Last year, I got an inquiry from Russia’s fourth largest city, Yekaterinburg, about helping them rethink their transit system. An excellent local NGO called Gorod.pro put the project together, and after the usual struggles over visas and insurance, I’m off to Yekaterinburg next week to work with City and foundation staff on new options for network design. If you read Russian, you can follow along on the project page.
We’ve laid out an initial analysis of the system in our Choices Report, which is now public. You can download it here: English. Russian.
Yekaterinburg has several transit networks, which is not necessarily better than having one.

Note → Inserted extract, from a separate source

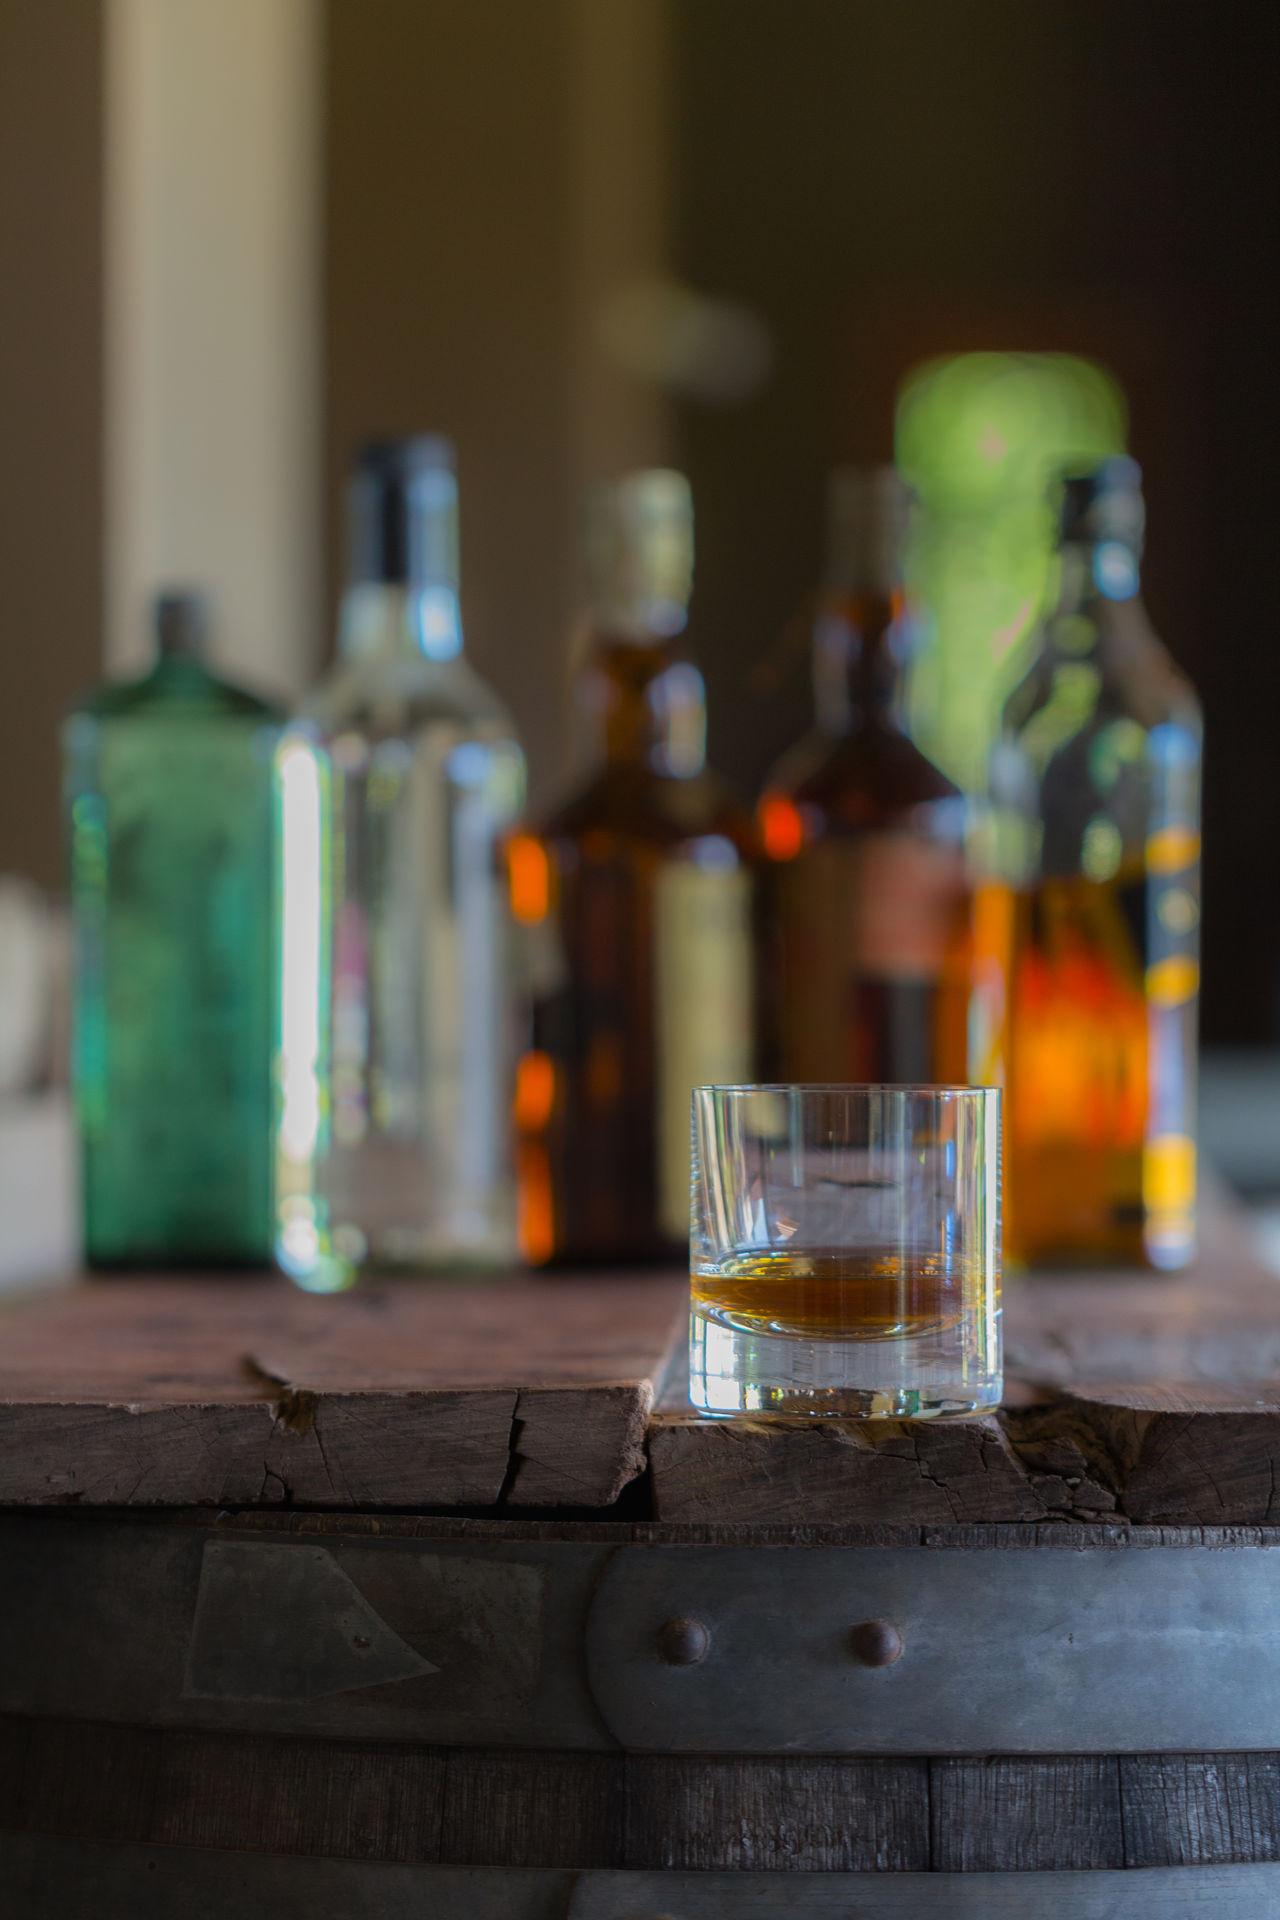 Golden GLAMOR Status Barrels Wood Indoors  Food And Drink Bar - Drink Establishment No People Drinking Glass Close-up Table Bar Bottles Whiskey Alcohol Drink Food And Drink Industry Barrel Food And Drink

There’s a metro, a tram network, a trolleybus network, a local bus network, and a range of small-bus products, and they mostly look like they’ve been designed separately, rather than working together. There’s an emphasis on low-frequency direct services rather than high-frequency connective services, so that’s a trade-off we’ll explore.
One key thing we did was to draw what may be the first map that shows all the transit services. You can find it in the report, but here’s a slice. The colors here mean frequency (red is 15 or better, green is 30 or better, green is 60 or better). The number symbols distinguish the technologies.
We think maybe this could be simpler.
And of course, when you have a lot of infrequent lines piled up on the same long segments, it means you could afford more frequent lines if you combined them.
But it’s all about trade-offs. I ask the questions but the locals answer them. We’re happy to see people downloading and reading our Choices Report, and I’m looking forward to great conversations (in simultaneous translation) over the next two weeks.